Australian ballet dancer, actor and artist

Joan Margaret Anne Gadsdon (23 April 1923 – 12 October 2003) was an Australian ballet dancer, actor and artist. She was one of the pioneers of early Australian ballet in the 1940s, performing with the newly established Kirsova and Borovansky ballet companies. After emigrating to Great Britain she achieved minor theatrical fame in 1953 in London by stepping in at the last moment to save the famous British stage musical The Boy Friend from almost certain oblivion. She continued to appear to some acclaim in the show in its West End run before retiring from the stage in 1959.

==Early life==

Joan Gadsdon was born in Lithgow, New South Wales, Australia on 23 April 1923, the second of four children of James Boswell Gadsdon, a steelworker, and his wife Josephine Elizabeth Gadsdon née Fairhall. The family was working class and often poor.

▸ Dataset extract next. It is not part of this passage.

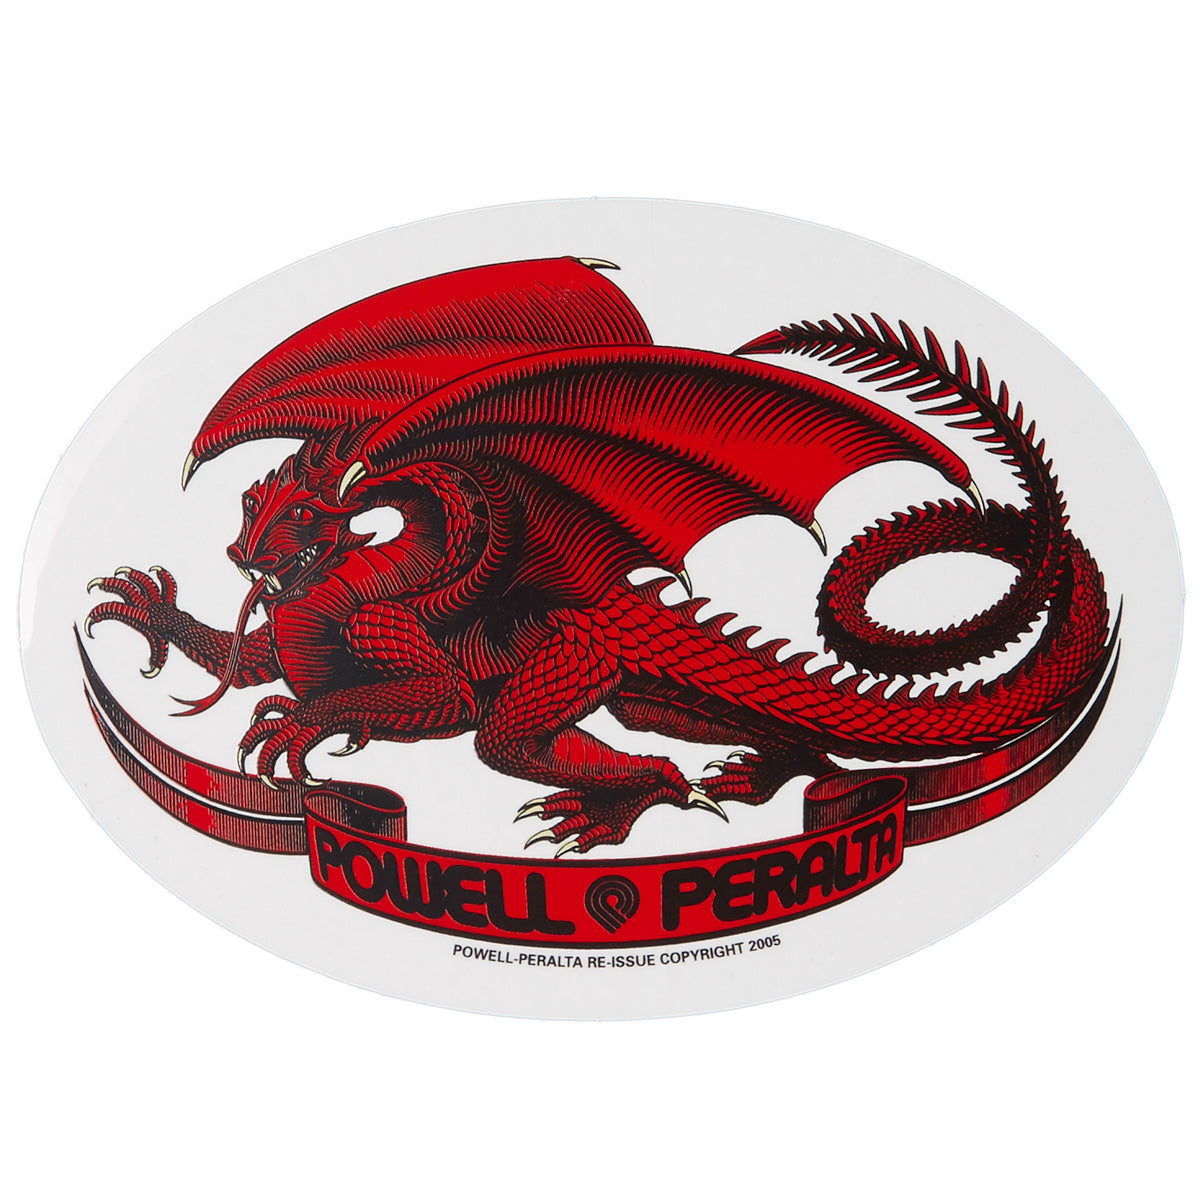 Powell Peralta Oval Dragon Stickers - 5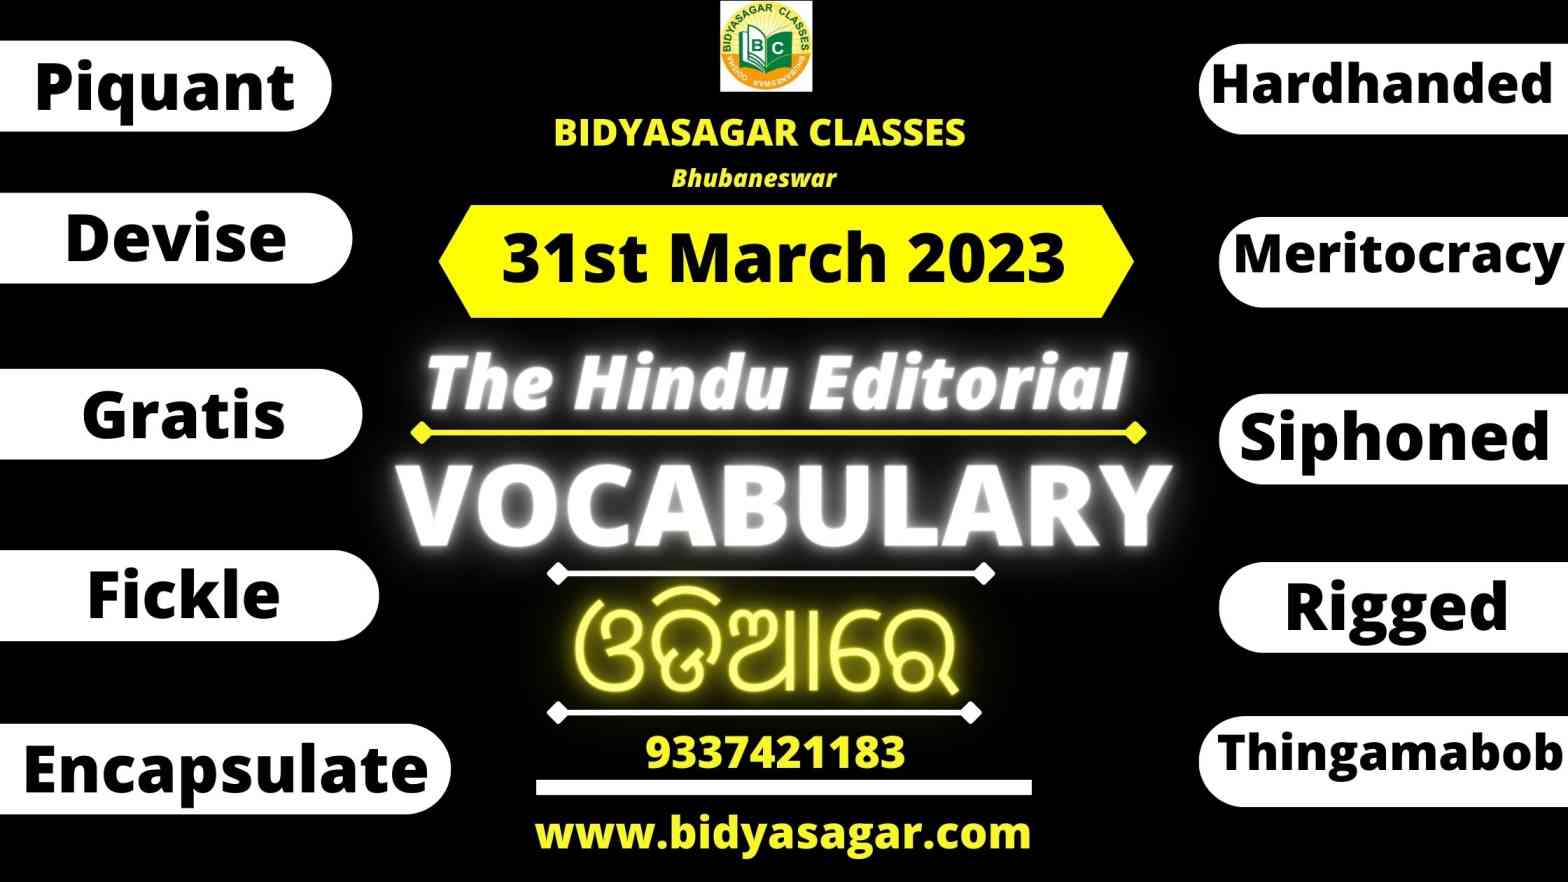 The Hindu Editorial Vocabulary of 31st March 2023

On leaving school with no qualifications at the age of 12, she was increasingly ambitious to train to be both an artist and a dancer, but filled time with a succession of low-paid jobs. She was 14 when the family moved to Sydney. She then began dance training at the studio of Mischa Burlakov, a Ukrainian who had once worked with the Pavlova Ballet Company. Gadsdon later maintained that the standard of Burlakov's training was low, but through the studio she made her first theatre appearance in two solos in a one-night ballet performance at the Sydney Conservatorium of Music in December 1941 as well as appearing in a number of weekly cabaret shows. She was not paid for this work.

To earn money, Gadsdon worked as retoucher of negative plates in a photographer's studio. At the same time, as well as her ballet classes, she began training at the art studio of Hayward Veal, where, showing much natural talent, she learned to paint portraiture and still-life.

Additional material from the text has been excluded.